Przeczytamy o tym w dzisiejszej Polsce Gazecie Wrocławskiej. Na czym polega praca wizytatorów? Na liczeniu uczniów i nauczycieli oraz godzin lekcyjnych. Pracownicy kuratoriów rzadko ingerują w kompetencje uczącychi. Nie analizują też wyników ich pracy, ani poziomu uczniów. – Nikt nie kontroluje, czy szkoły wyrównują szanse edukacyjne dzieci – pisze dziennik.
To są wnioski z jednego z raportów, który został opracowany na zlecenie MEN. Do tego wszystkiego dochodzą pieniądze. Z oświatowego funduszu płac co czwarta złotówka idzie na urzędników, a nie na pensje nauczycieli narzekających na niegodne zarobki. A na jednego wizytatora przypada aż czterech uczących. – W warunkach gospodarki rynkowej proporcja powinna być jak 1:10 – zauważają eksperci.
Wniosek budujący jest jeden: kuratoria powinny zostać zlikwidowane i zastąpione niezależnymi firmami, które będą sprawowały pieczę nad jakością nauczania. Takie rozwiązanie przyjęło się w wielu krajach Europy. Ale likwidacji szybko nie będzie, bo ministerstwo nie chce pogorszenia i tak już kiepskich stosunków ze związkami zawodowymi. Te bronią reliktu i grożą protestami.
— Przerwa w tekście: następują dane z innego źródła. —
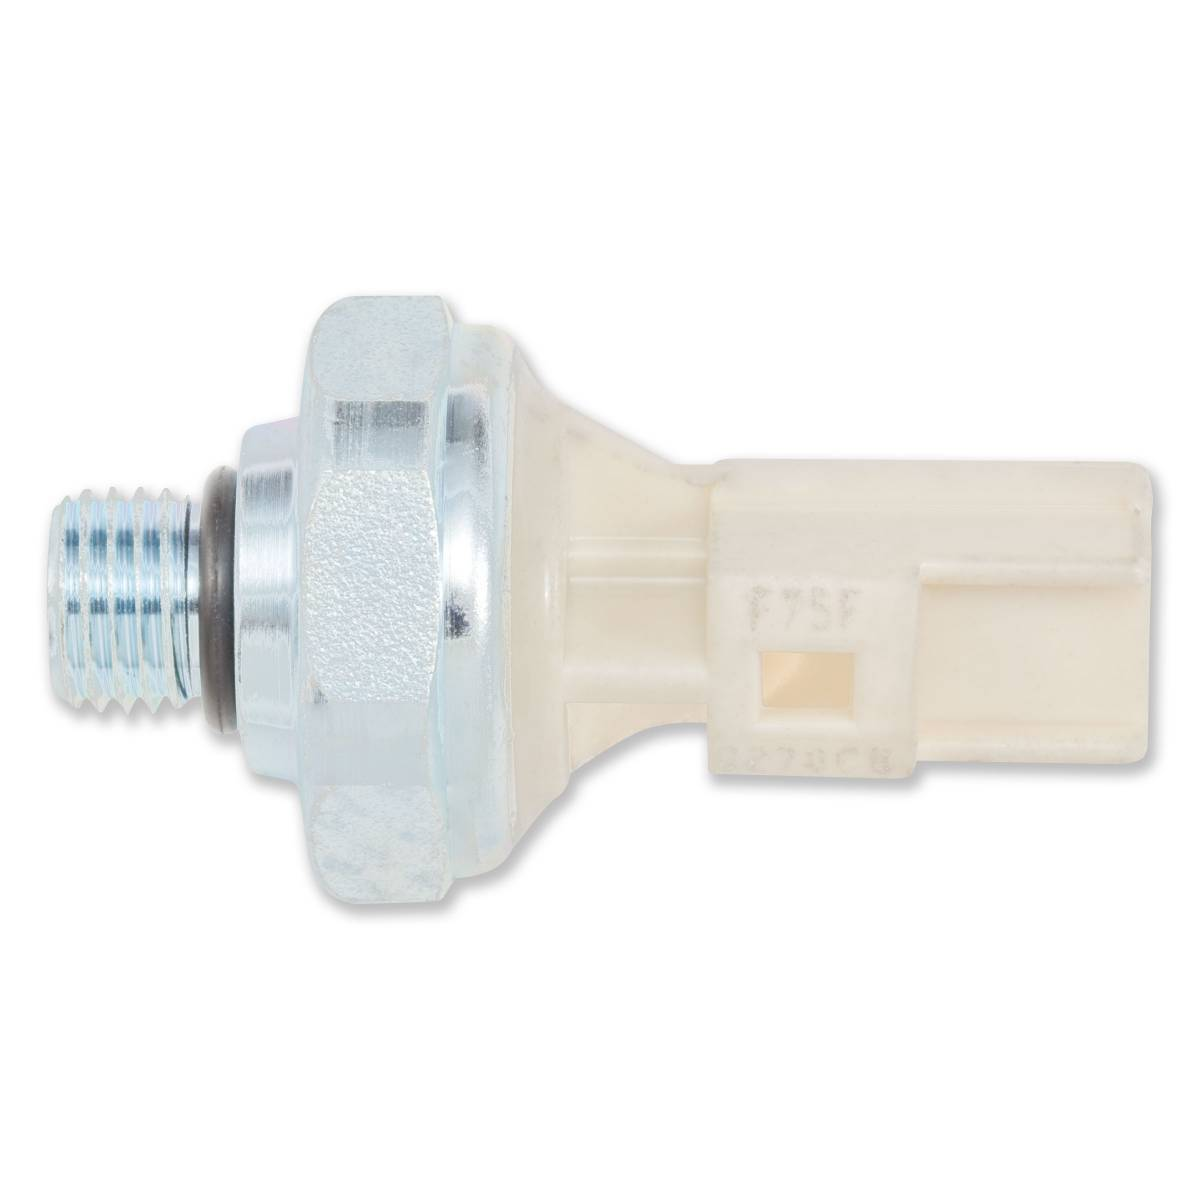 Alliant Power Ap0022 Engine Oil Pressure Eop Switch: Alliant Power AP63435 Engine Oil Pressure (EOP) Sensor

Tymczasem respondenci nie mają dla kuratoriów litości. Ankiety oceniające pracę tych instytucji wypełniali samorządowcy i dyrektorzy szkół. W skali ocen od 1 do 6 najwyższa była trójka, a nierzadko dawano zero. Krytycy zauważają też, że kuratoria to nierzadko trampolina do władzy i szansa awansu dla tych nauczycieli, którym niezbyt wychodzi praca przed tablicą, za to znacznie lepiej podlizywanie się przełożonym w nadziei na synekurę za biurkiem.